CDWP resource manager Yarek Lehr, P.E., has overall responsibility for the new cogen plant. He came to Corona from the California ISO (independent system operator), experience that will prove particularly valuable if Corona is able in the future to sell power into the grid on an economic-dispatch basis. Lehr says the plant is designed for base-load service but initially will operate 12-16 hours per day, five or six days a week, depending on market conditions.

The 23-MW LM2500 package at Clearwater is the first of its type installed in the U.S., according to Andrew Morton, who manages General Electric’s Aero Energy business in the West. The basic GT has not changed, he says, but the package features major improvements over that offered previously by the company. Essentially, it reflects best practices from both the marine and land-based packages to accomplish:

  • Improve reliability and availability.
  • Reduce installation time and cost.
  • Facilitate maintenance.

The specific features that enable these benefits include:

  • Smart transmitters replace switches formerly used, thereby providing the capability for predictive monitoring/maintenance.
  • Top engine removal for faster change-out.
  • Direct-drive fans in the positive-pressure vent system, replacing less-reliable belt-driven equipment.
  • Fuel gas valve with an integral driver, eliminating the need for wiring to connect the valve to a remote driver — a source of problems in the past.
  • Alarm and shutdown philosophy integrated into the new vibration system is conducive to higher reliability.
  • On-skid controls package, factory tested prior to shipment, reduces the number of interconnects by at least 70 percent, dramatically reducing field wiring and the chance of failure.

The GT discharges more than 500,000 lb/hr of 970F exhaust gas  into the Rentech HRSG (figure 2). Maximum steaming capability is nearly 65,000 lb/hr at 832 psig/938F. No duct burners are provided.
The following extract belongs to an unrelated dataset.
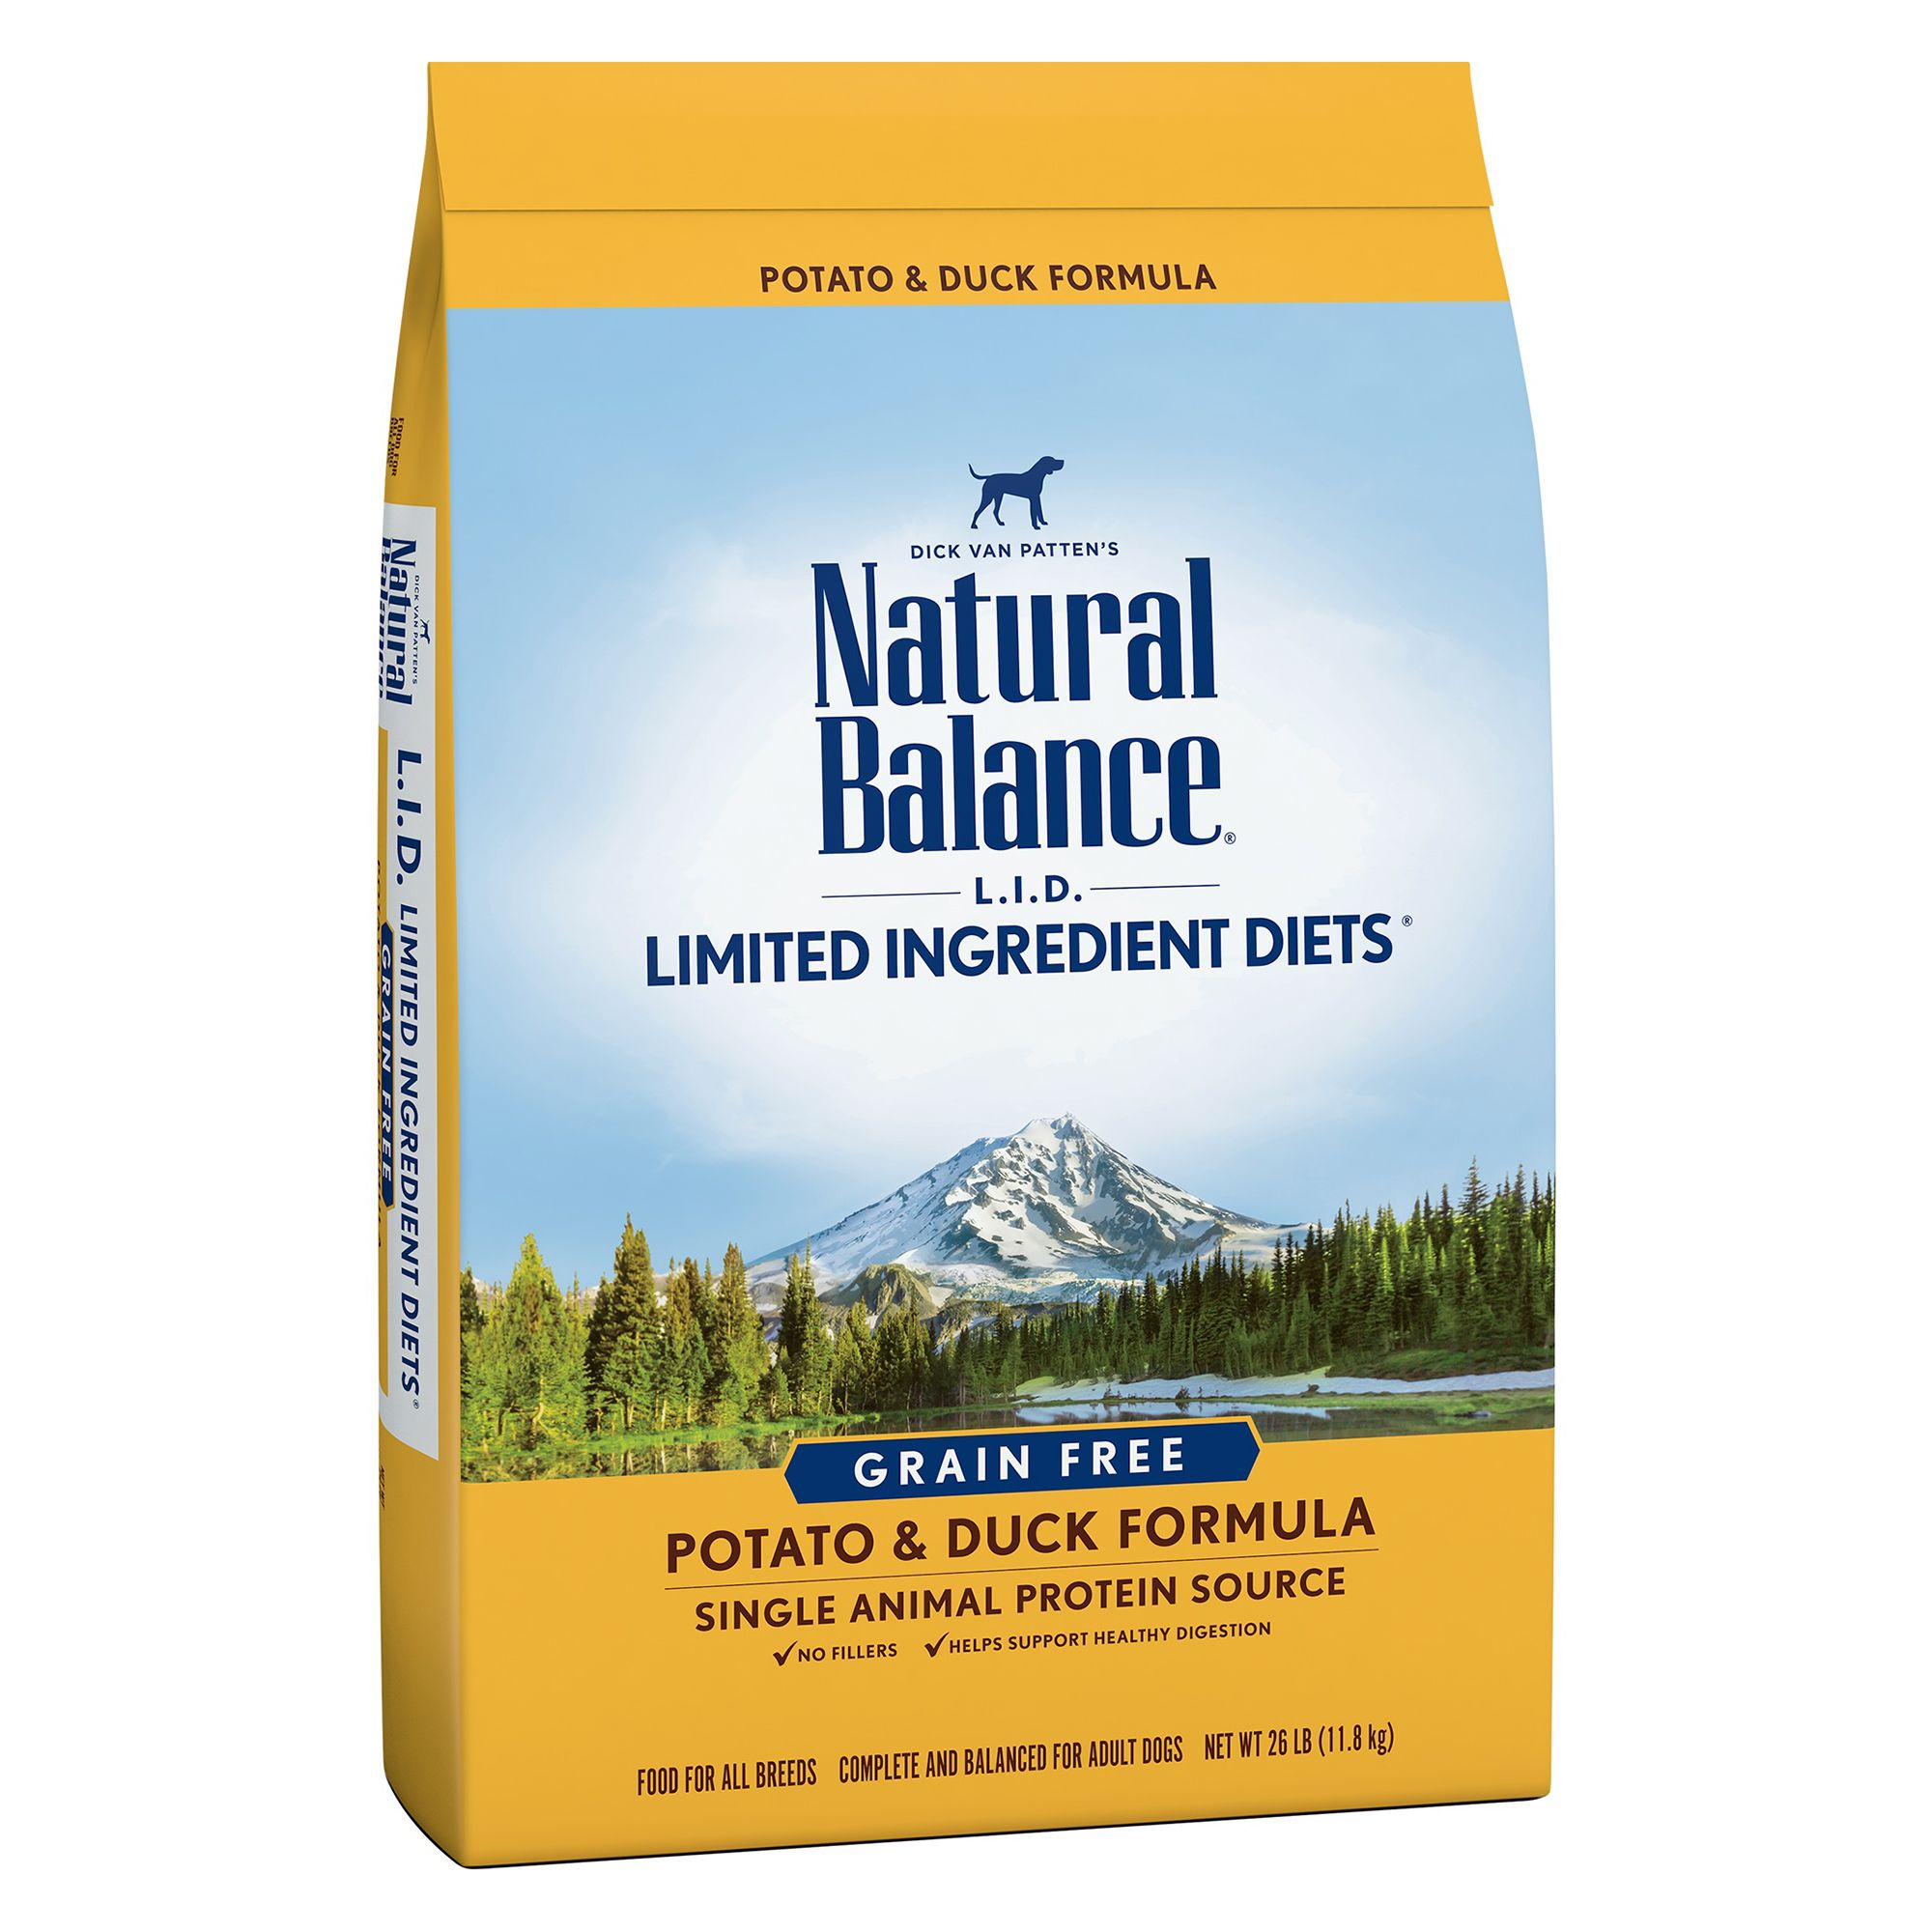 Natural Balance Dry Dog Food Grain Free Limited Ingredient
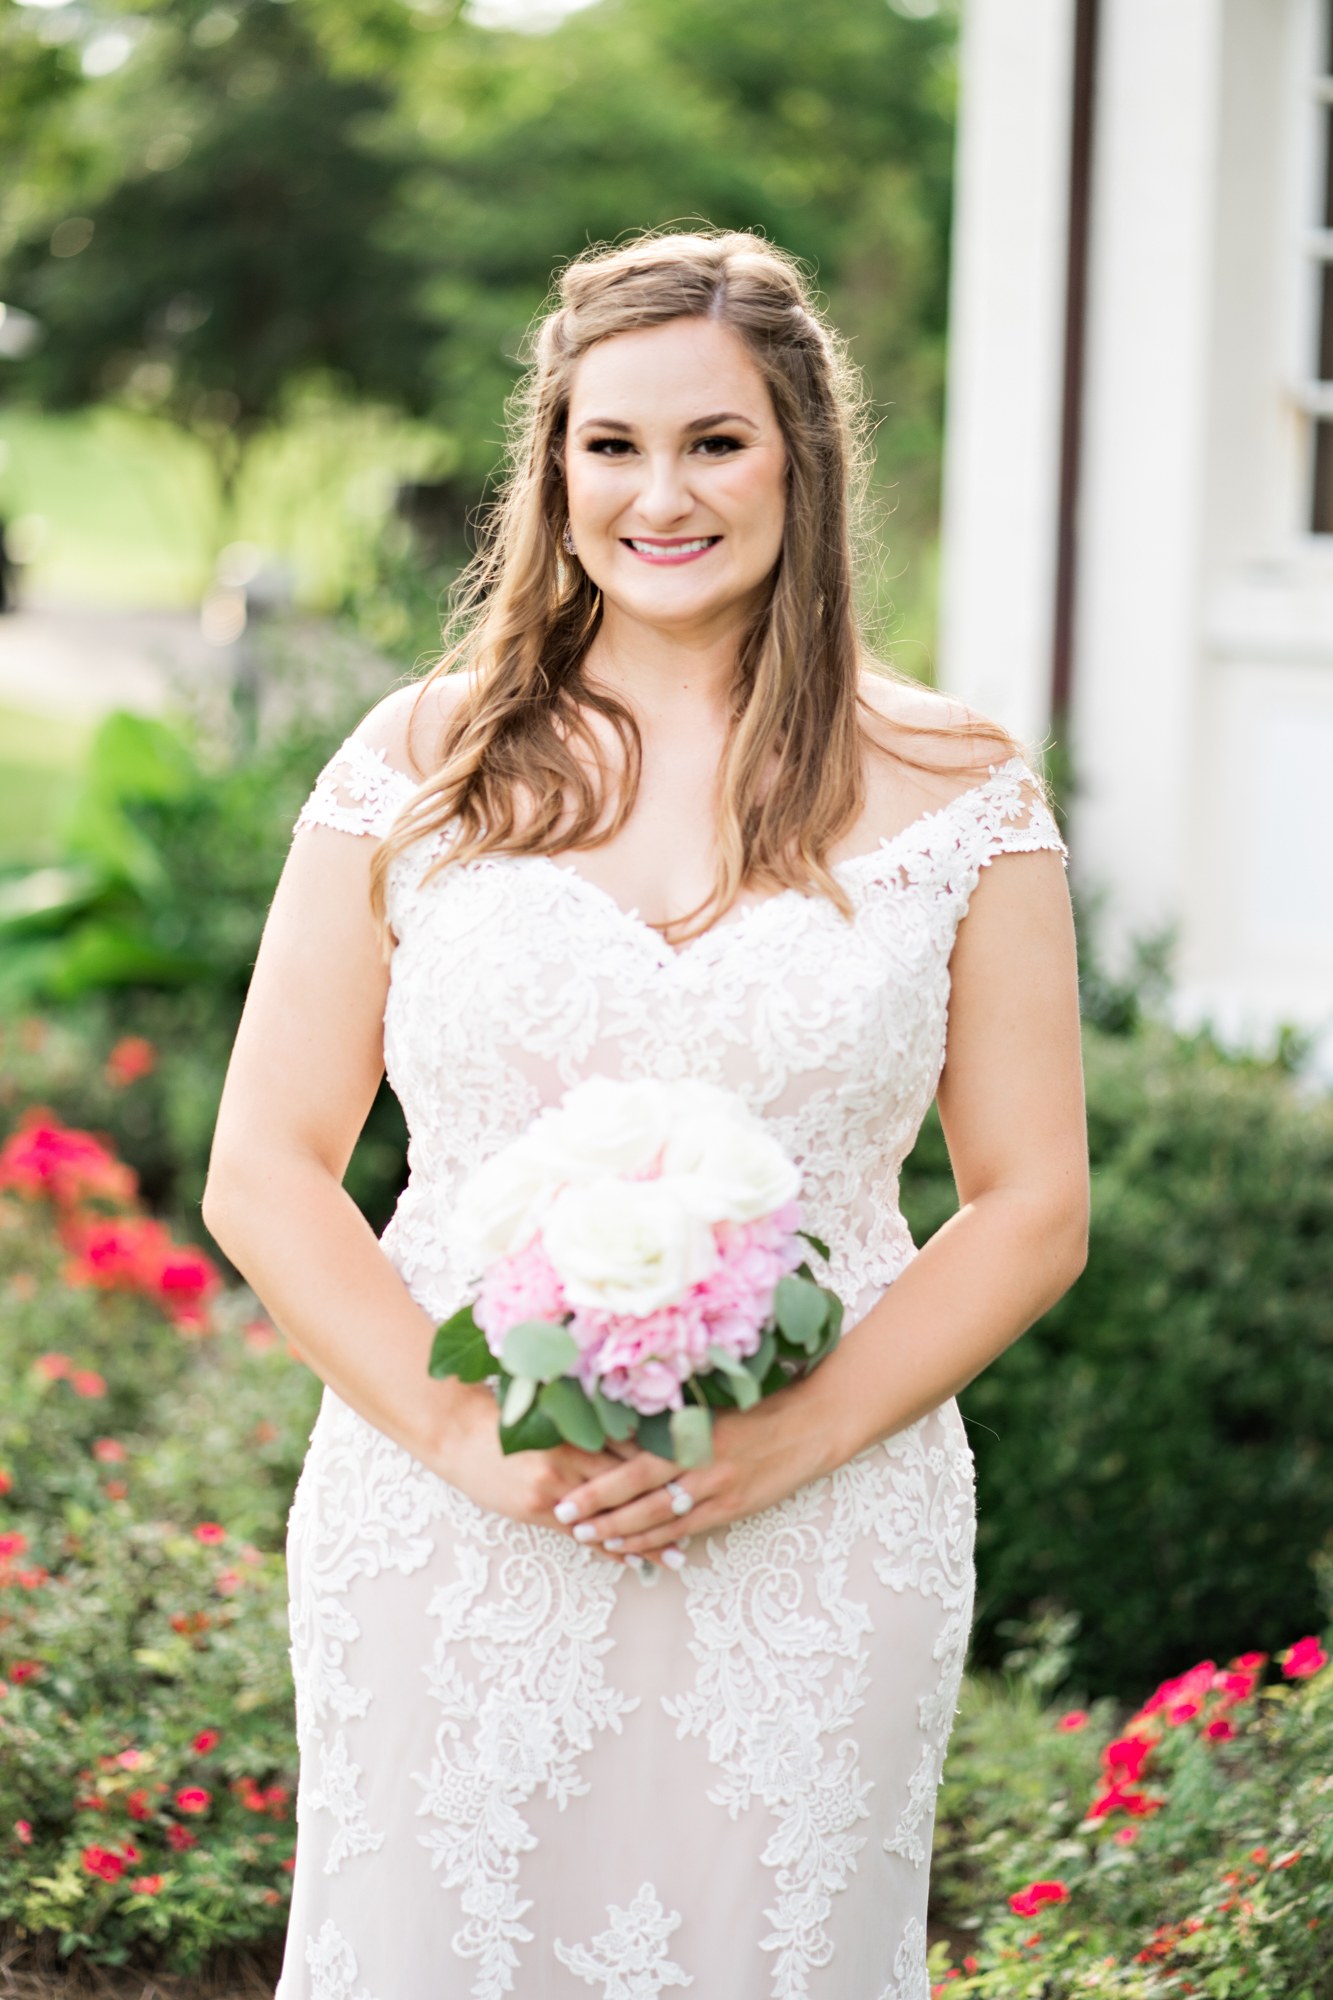 Alabama-Wedding-Photographer-Nick-Drollette-143.jpg

The boiler manufacturer had responsibility for integration of the SCR and the CO/oxidation catalyst systems. SCR catalyst was sourced from Cormetech Inc. of Durham, N.C.; CO catalyst from EmeraChem LLC of Knoxville. Emissions guarantees are 2 ppm NOx (by volume, dry), 6 ppm CO (by volume, dry), and 4 ppm (by volume) ammonia slip. The reagent is 19 percent aqueous ammonia.

Plant construction  was done by general contractor ARB Inc. of Lake Forest, Calif., which was assigned both the powerplant and biosolids projects. ARB project manager Wayne McAlpin, an industry veteran with more than 40 years of experience who normally works on much larger projects, says the Corona job was not without its challenges. They include the complexities associated with working on a very small site, and the foundation work, which was made difficult by the sequence of activities and pre-existing infrastructure associated with the wastewater treatment plant.

The combined-cycle unit is confined to an area of less than an acre, and there is very little laydown space nearby. Boiler erection was simplified by maximum shop assembly and shipment of the unit to the site by truck in seven or eight major pieces. Key lifts of boiler components took considerable planningand required coordination of two cranes. Harris and Associates of Concord, Calif., was the city’s construction manager, providing oversight of powerplant, biosolids, and sludge dryer construction activities. It also provided and/or supervised construction QA/QC. At least one contractor mentioned that Harris helped to develop and nurture a spirit of cooperation among all participants that was above and beyond industry standards and key to the successful completion of a challenging project.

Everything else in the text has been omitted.